Proponents of key-value stores, document databases, and relational systems disagree about practically every aspect of database design, but they do agree in one respect: databases are about storing information about “things,” be those things represented by JSON, tables, or binary values. But sometimes it’s the relationship between things, rather than the things themselves, that are of primary interest. This is where graph database systems shine.

Graph structures are most familiar to us from social networks such as Facebook. In Facebook, the information about individuals is important, but it’s the network between people—the social graph—that provides the unique power of the platform. Similar graph-oriented datasets occur within network topologies, access-control systems, medical models, and elsewhere.

The relational database is completely capable of modeling such networks through the use of foreign keys and self-joins. Unfortunately, the RDBMS generally hits performance issues when working with very large graphs, and SQL lacks an expressive syntax to work with graph data.

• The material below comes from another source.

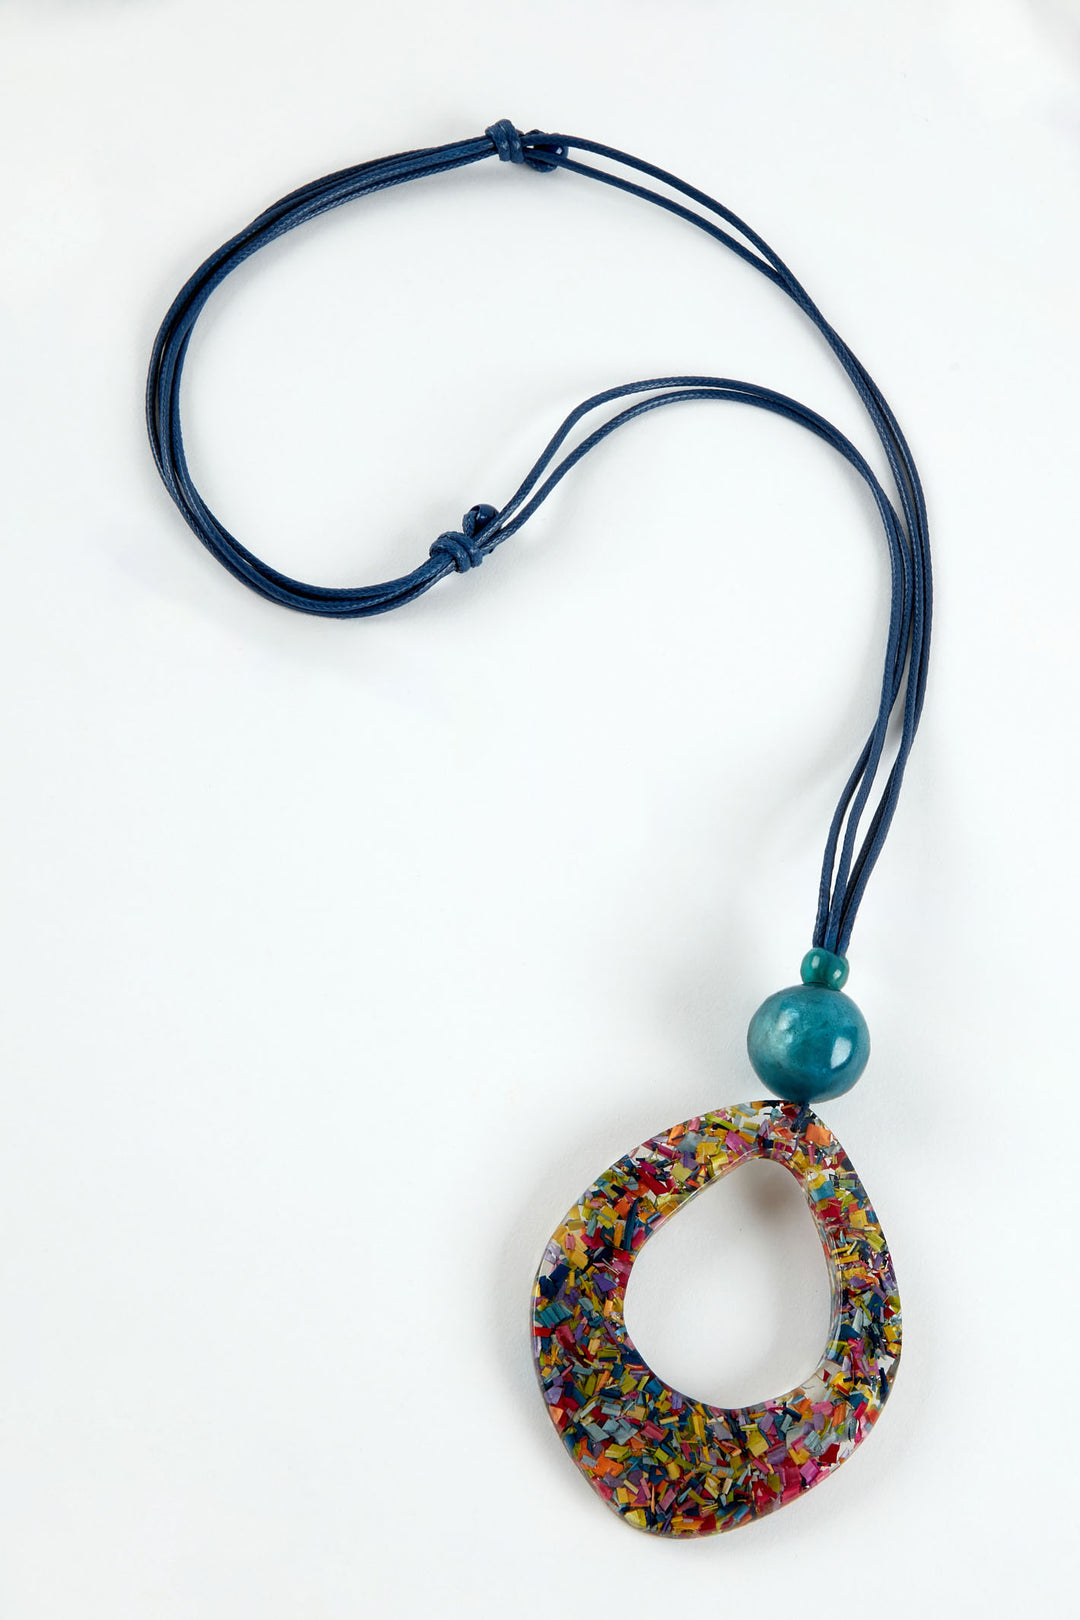 Dante NL70714 Multi-Coloured Art Necklace - Experience Boutique

The NoSQL solutions described so far do even a worse job with graph models than the relational database.  In a key-value store or document database, a graph structure can be stored in a single document or object, but relationships between objects are not inherently supported (because there are no joins).

To efficiently process a data model in which complex networks of relationships between objects or entities are a primary focus, a different type of database is called for: the graph database.

What is a Graph?

Like the relational database, but unlike many nonrelational systems, graph databases are based on a strong theoretical foundation. Graph theory is a long-established branch of mathematics, with many practical applications in medicine, physics, and sociology, as well as in computer science.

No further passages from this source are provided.